EMD decomposes the original signal into IMFs by the following steps:

Find all extreme value points of the signal x (t).
Fit the envelopes emax (t) and emin (t) of the upper and lower extremal points with cubic spline fitting and find the average of two envelope lines m (t), then subtract m (t) in x (t):h (t) = x (t) − m (t).
Determine whether h (t) is IMF according to the preset criterion.
If not, replace x (t) with h (t) and repeat the above steps until h (t) satisfies the criterion, then h (t) is the IMF Ck (t) to be extracted.
Every time an IMF is obtained, it is subtracted from the original signal, and the above steps are repeated; until the last remaining part of the signal rn (t) is just a monotonic sequence or a constant value sequence.

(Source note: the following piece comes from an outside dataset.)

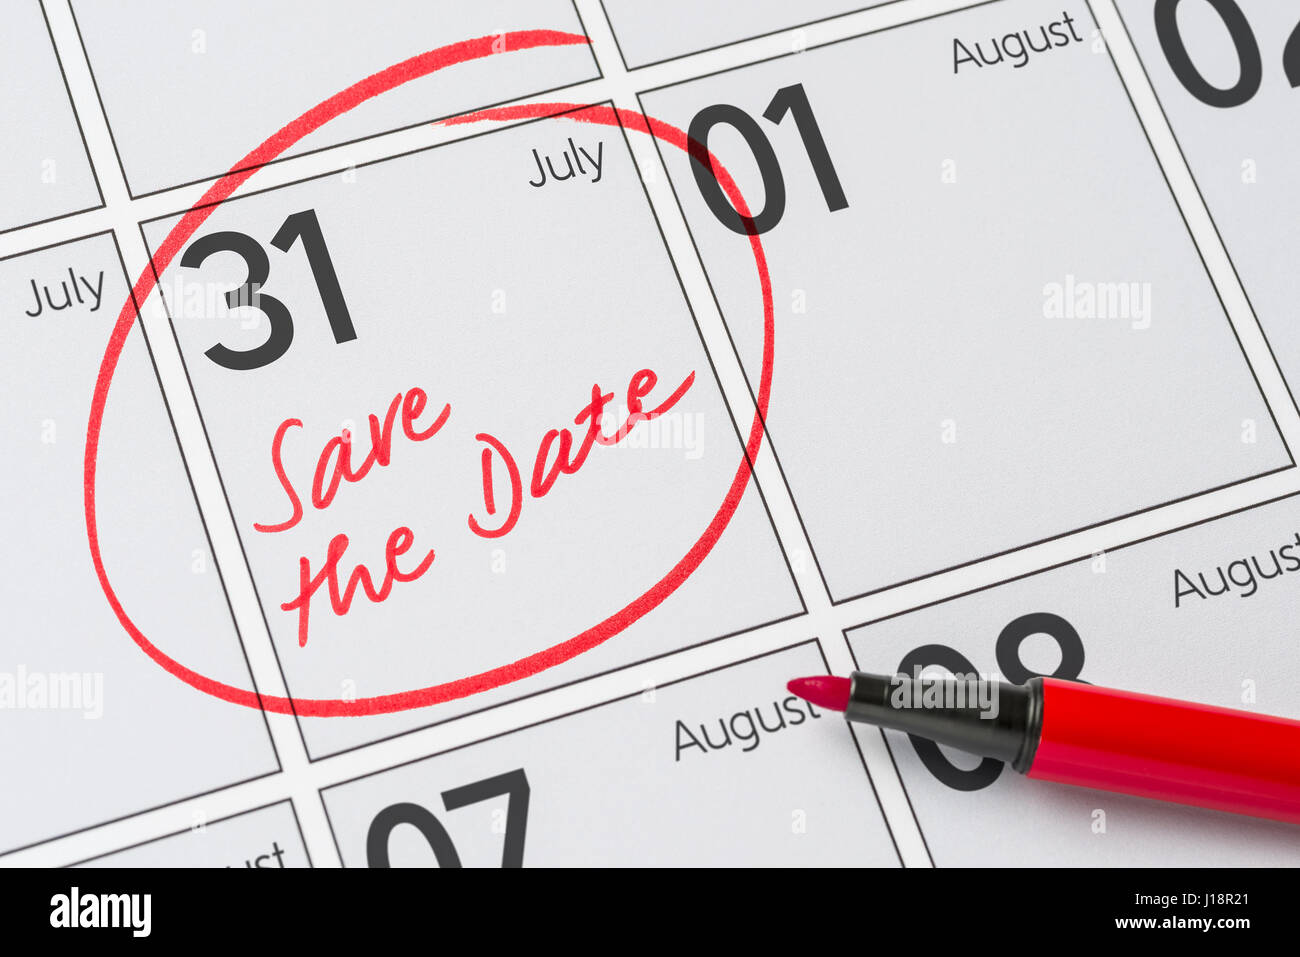 Enregistrer la date inscrite sur un calendrier - Juillet 31 Banque D'Images

In this way, the decomposition by the EMD method decomposes the original signal x (t) into series of IMFs and a linear superposition of the remaining parts as Equation (1):

x (t) = \sum_{k = 0}^{N} C_{k} (t) + r_{n} (t)

(1)

Despite EMD has good performance in decomposing signals, EMD also has some problems and drawbacks, such as endpoint effect and mode mixing. The endpoint effect refers to the fact that different treatments of endpoints will bring different results in the EMD decomposition process, while the mode mixing may cause severe mixing of time-frequency distribution and lead to degradation of decomposition accuracy. On the basis of EMD, Huang and WU then proposed the ensemble empirical mode decomposition (EEMD) [26].

EEMD is a signal decomposition method to improve EMD by adding white noise to the EMD method. The principle of EEMD is that extreme values of the signal affect IMFs. In addition, if the distribution is not uniform, there will occur mode mixing. EEMD introduces white noise into the signal to be analyzed, the spectrum of white noise is uniformly distributed, and white noise makes the signal automatically distributed to a suitable reference scale. Due to the characteristics of zero-mean noise, the effect of noise will be offset after several averaging calculations, so that the integrated average calculation can be directly regarded as the final result. The process of EEMD can be described as follows:

Add normally distributed white noise to the original signal.
The signal with white noise is taken as a whole and decomposed into IMF using EMD.
Repeat the previous steps, adding a different sequence of normally distributed white noise to the original signal each time.
The IMF obtained each time will be integrated and averaged as the final result.

Compared with Fourier transform, wavelet decomposition and other methods, EMD has the advantages of principal component analysis, adaptive time-frequency analysis and signal local transient characterization. In addition, EEMD also overcomes the problems of endpoint effects and mode mixing in EMD, so we use EEMD to process ST data on the time scale.

2.2.2. Convolutional Neural Network (CNN)

CNN is a feed-forward neural network that includes convolutional computation and is one of the representative algorithms of DL. It is often used for image recognition, image classification, and natural language processing. In addition, CNN is also used in remote sensing science and atmospheric science. In atmospheric science, CNN is used in post-processing problems for numerical pattern lattice point outputs. In remote sensing science, especially in satellite remote sensing. CNN is considered to have advantages in computational efficiency and classification accuracy in resolving geometric, textural, and spatially distributed features of remote sensing images. Therefore, in this paper we use two kinds of convolutional neural networks, Conv2d and Conv3d, to predict spatiotemporal ST. Conv2d is commonly used in computer vision, image processing [22,32,33,34]. In addition, Conv3d is commonly used in the medical field (CT imaging), video processing and other fields [24,35].

The difference between Conv2D and Conv3D is shown in Figure 2. In Conv2d, a two-dimensional convolution kernel slides in the spatial dimension to extract higher-order features from the input data (Batch*Height *Width*Channels). The channels of the input data correspond to sequences of soil temperatures in the temporal dimension over consecutive days or the sequences obtained after EEMD processing. In Conv3d, the three-dimensional convolution kernel slides not only in the spatial dimension, but also in the temporal dimension. Therefore, it can better handle the features of the input data (Batch*Depth*Height*Width*Channels) in the temporal dimension. The channels of the input data correspond to one-day ST in the time dimension or a one-day sequence after EEMD processing.

2.2.3. Convolutional LSTM Network (ConvLSTM)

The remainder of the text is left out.